Along with the increased rates of alcohol abuse among women, crime rates among the gender are also rising. The need for women to be treated for alcoholism is imperative in decreasing crimes committed by them.


Women-Related Medical Consequences of Alcoholism


Women can suffer from many alcohol-related health problems that men wouldn’t experience.


Breast Cancer

Women who consume large amounts of alcohol are more at risk of developing breast cancer.

● 9 out of 100 women who drink heavily have breast cancer.

● 10 out of 100 women who drink two alcoholic beverages per day receive a breast cancer diagnosis.

● 13 out of 100 women who consume six or more alcoholic beverages a day suffers from breast cancer.


Fetal Alcohol Syndrome

Women who are pregnant and drink alcohol significantly increase the risk of their baby being born with Fetal Alcohol Spectrum Disorder (FASD). Babies with FASD may suffer from:


● Smaller head size

● Abnormal facial features

● Vision and/or hearing programs

● Bodyweight issues

● Learning disabilities

● Hyperactivity

● Memory, focus, and coordination issues

● Speech and language impediments

● Lower IQ and intelligence

● Problems with vital organs


Other Women-Related Medical Concerns Due to Alcoholism


● Heart disease

● Mental illness

● Liver disease

● Alcoholic hepatitis

● Other forms of cancer


Increased risk of secondary medical concerns such as traumatic injuries from falling, accidents from drinking and driving, etc. can also be a consequence of alcohol abuse.
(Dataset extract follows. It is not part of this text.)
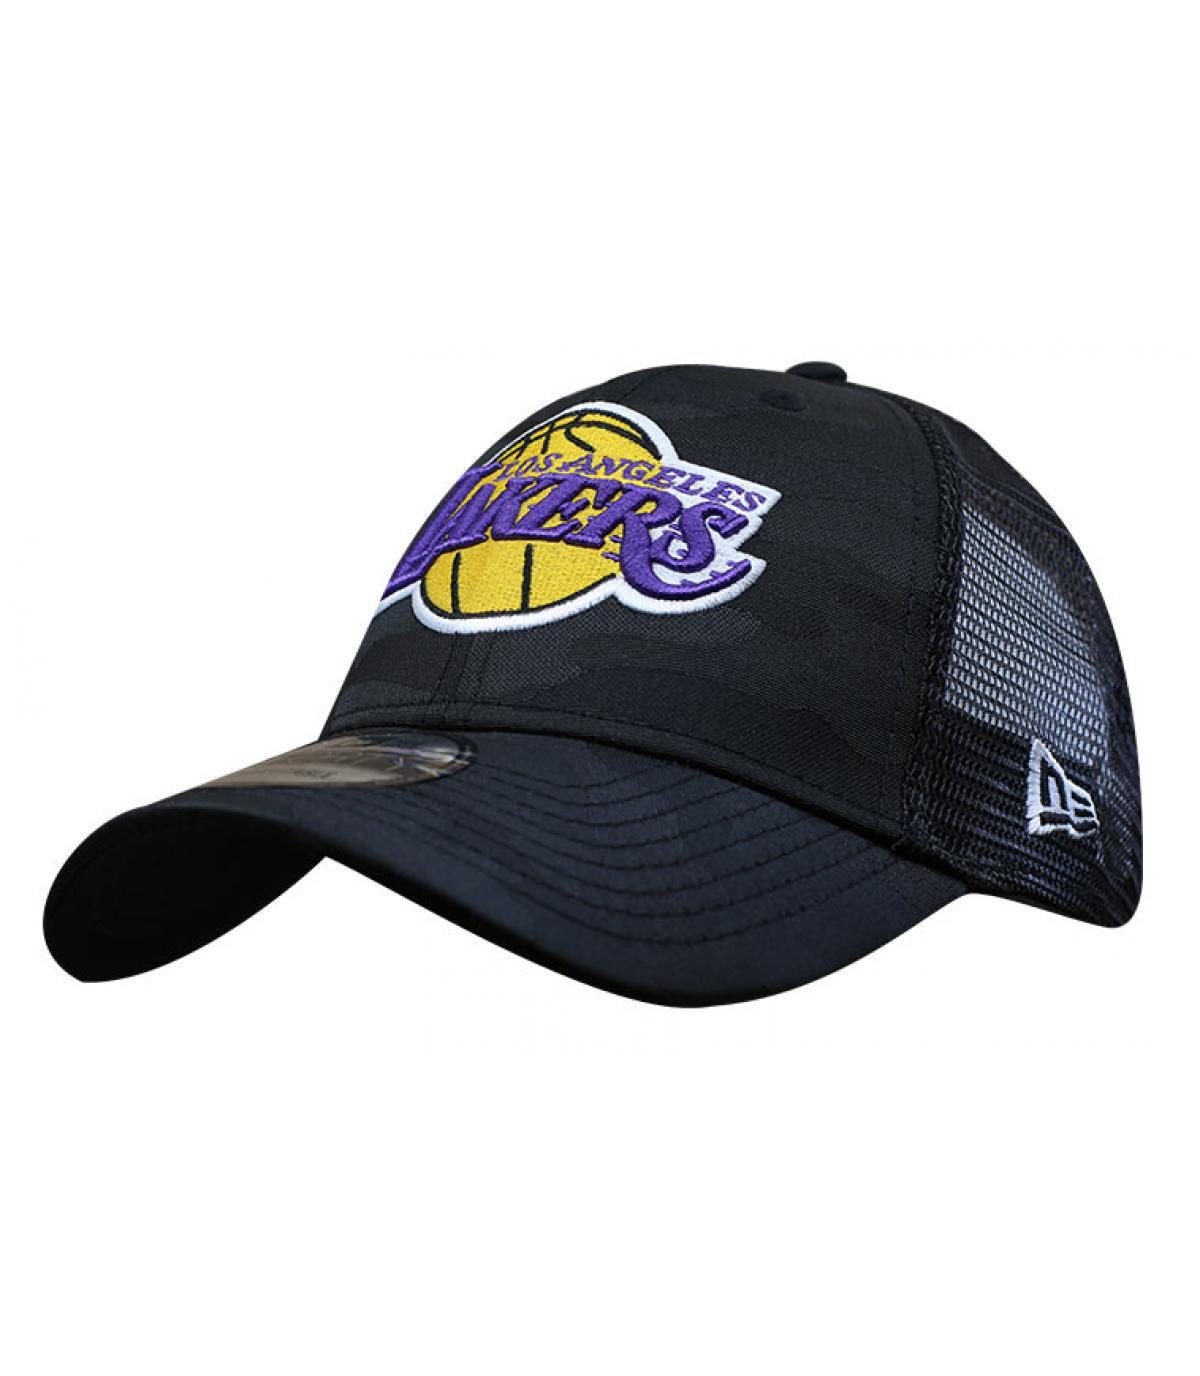 Détails Trucker Seasonal The League 940 Lakers - image 2

How to Help Alcoholism in Women


Women can suffer from alcoholism. They can suffer from the effects of drinking too much too often. It is not normal to cope with wine, beer, or a cocktail. Women need to be aware of all these statements, so they know when they should reach out for help.


Reaching out for help doesn’t mean she should be thought less of because “only men are alcoholics.” Alcoholism is a disease that does not discriminate based on sex, ethnicity, culture, etc. It is a disease that needs to be treated with medical and mental health professionals. It is nothing to be ashamed of, so it’s not anything that needs to be hidden.
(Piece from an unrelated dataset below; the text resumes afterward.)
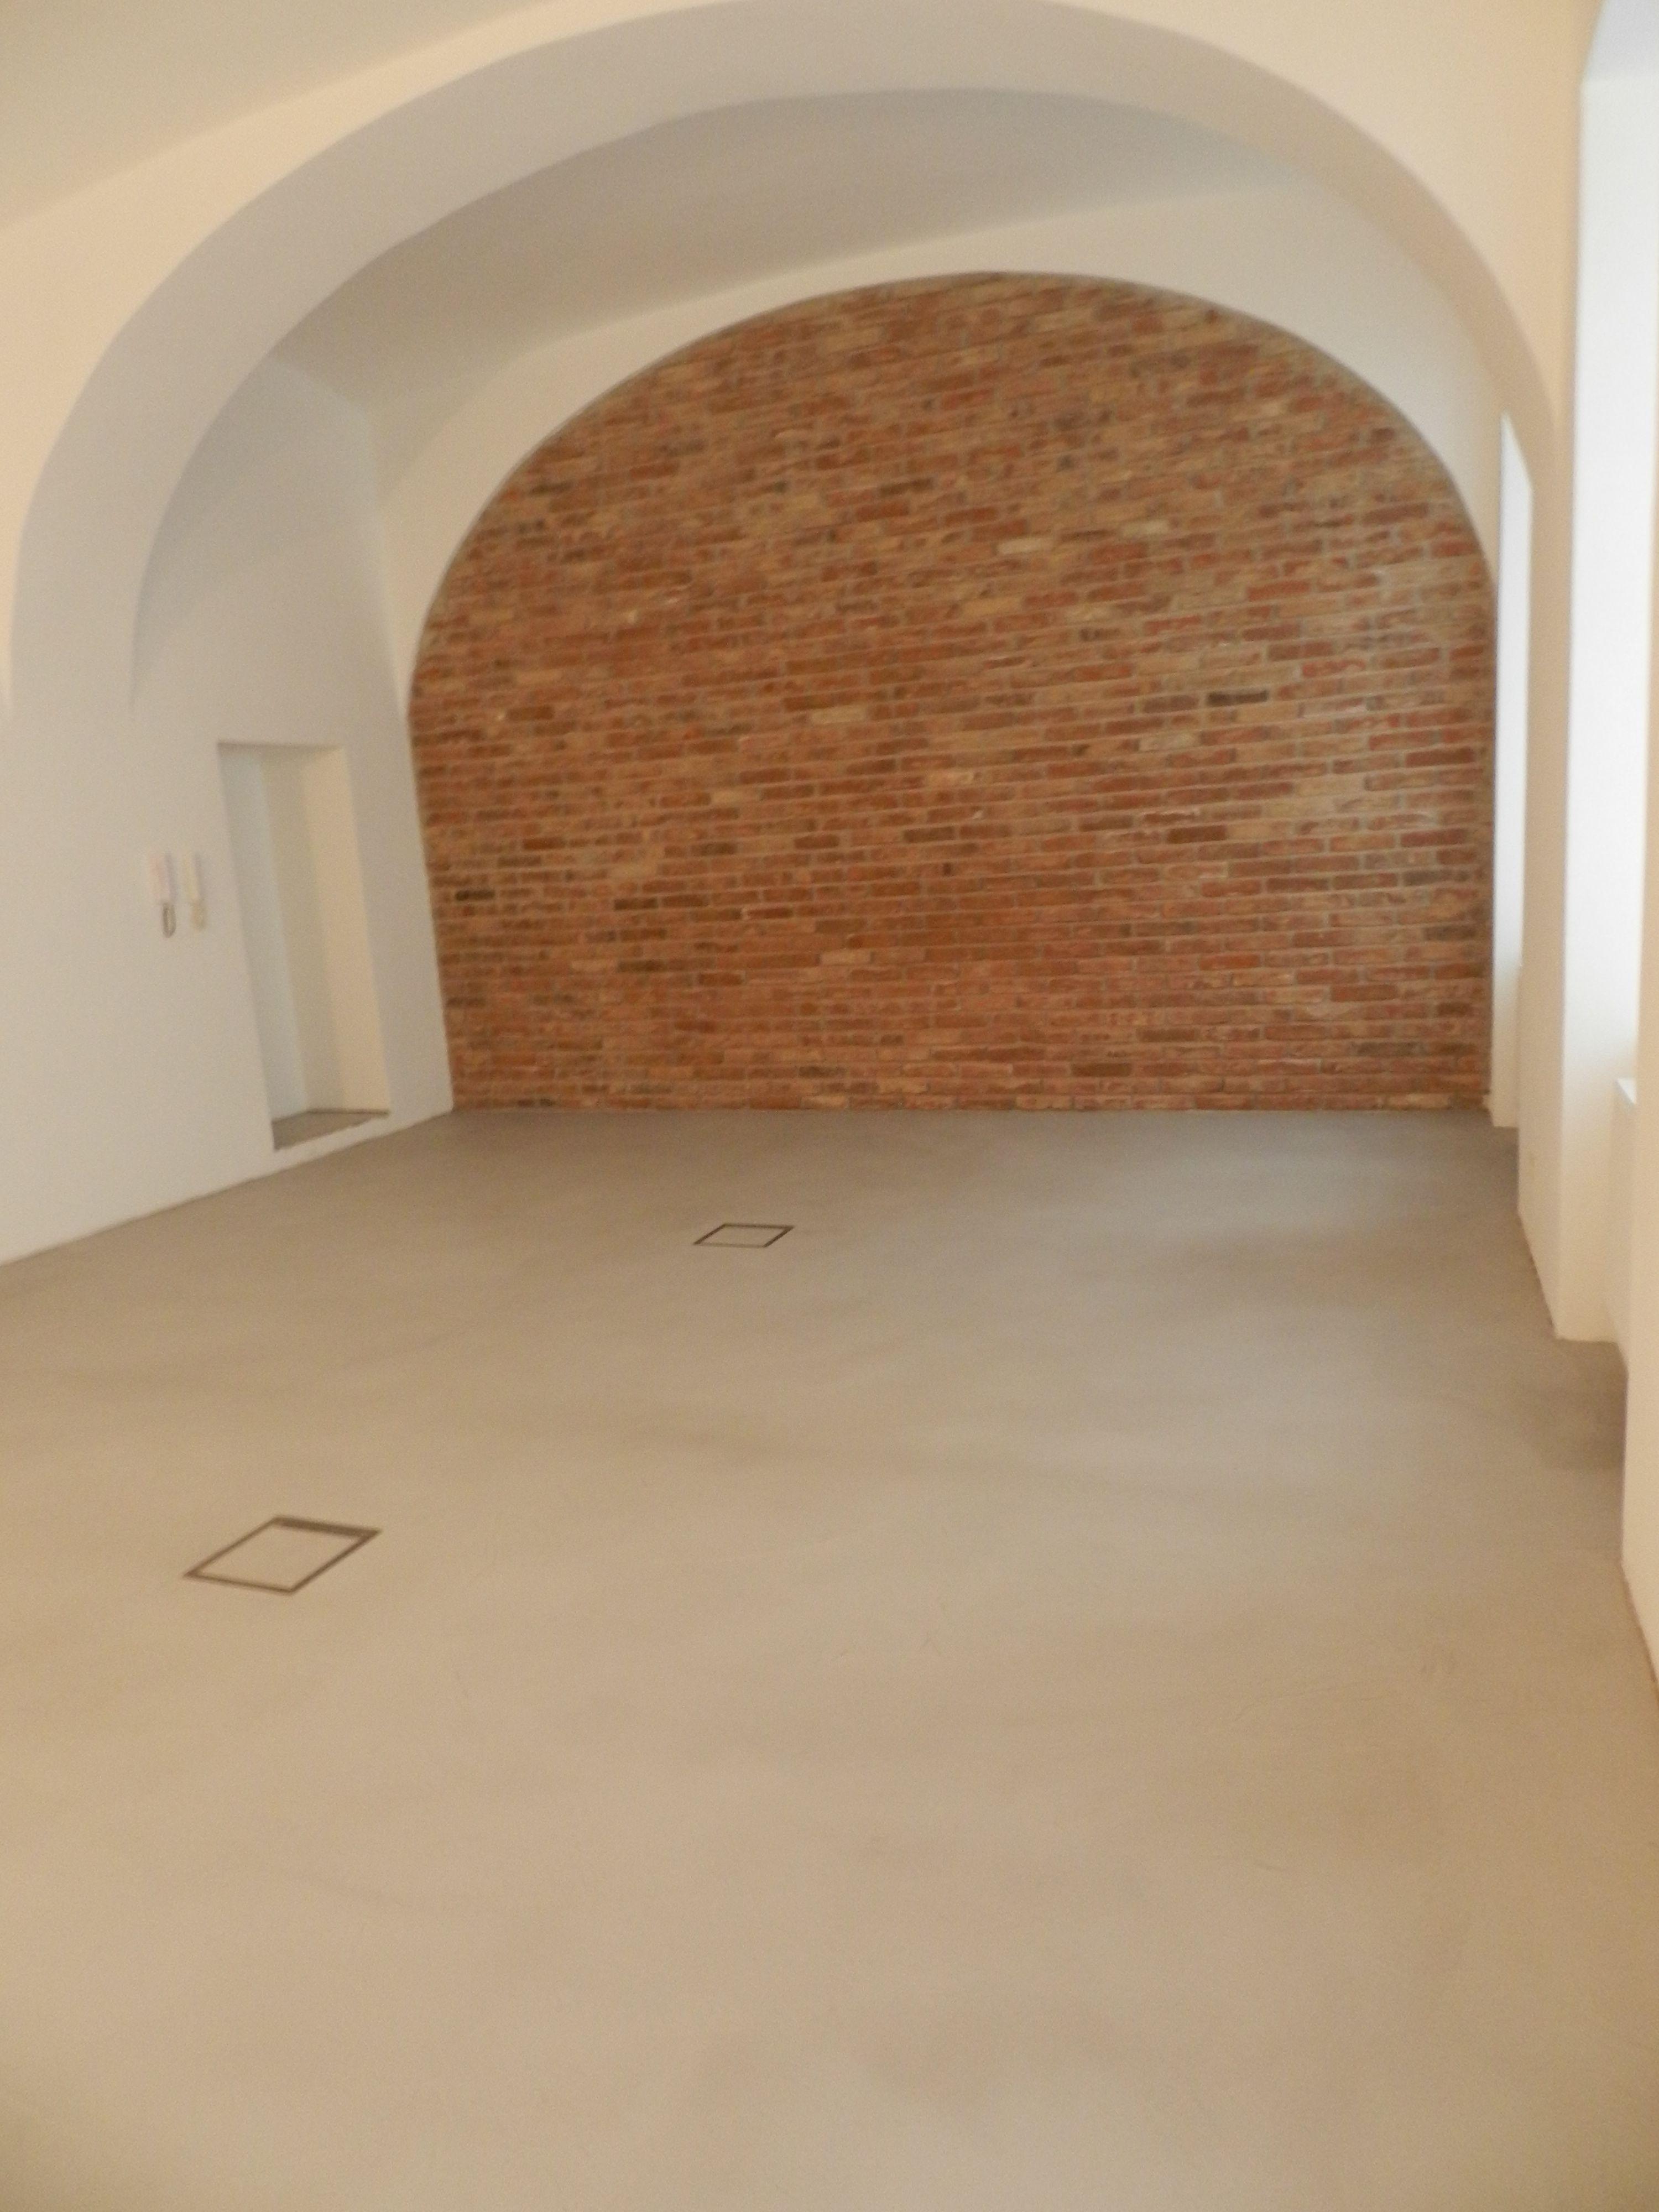 Boden Beton Brut In Der Farbe No 5 Tortara Versiegelt Mit Einem

If you’re a woman suffering from alcoholism or you know someone who is, understand that this is something many women are dealing with, and there is help for it. Alcoholism is not a life sentence. Alcohol addiction treatment centers can help women understand the reasons they started to drink and learn how to stop using alcohol to cope with life’s stressors.


Alcoholism doesn’t go away on its own - for men or women. Dealing with the problem by treating it is the only way to stop the issues that have arisen from drinking. Seek help now for your alcoholism, so you can start living a life that isn’t controlled by wine, beer, and liquor.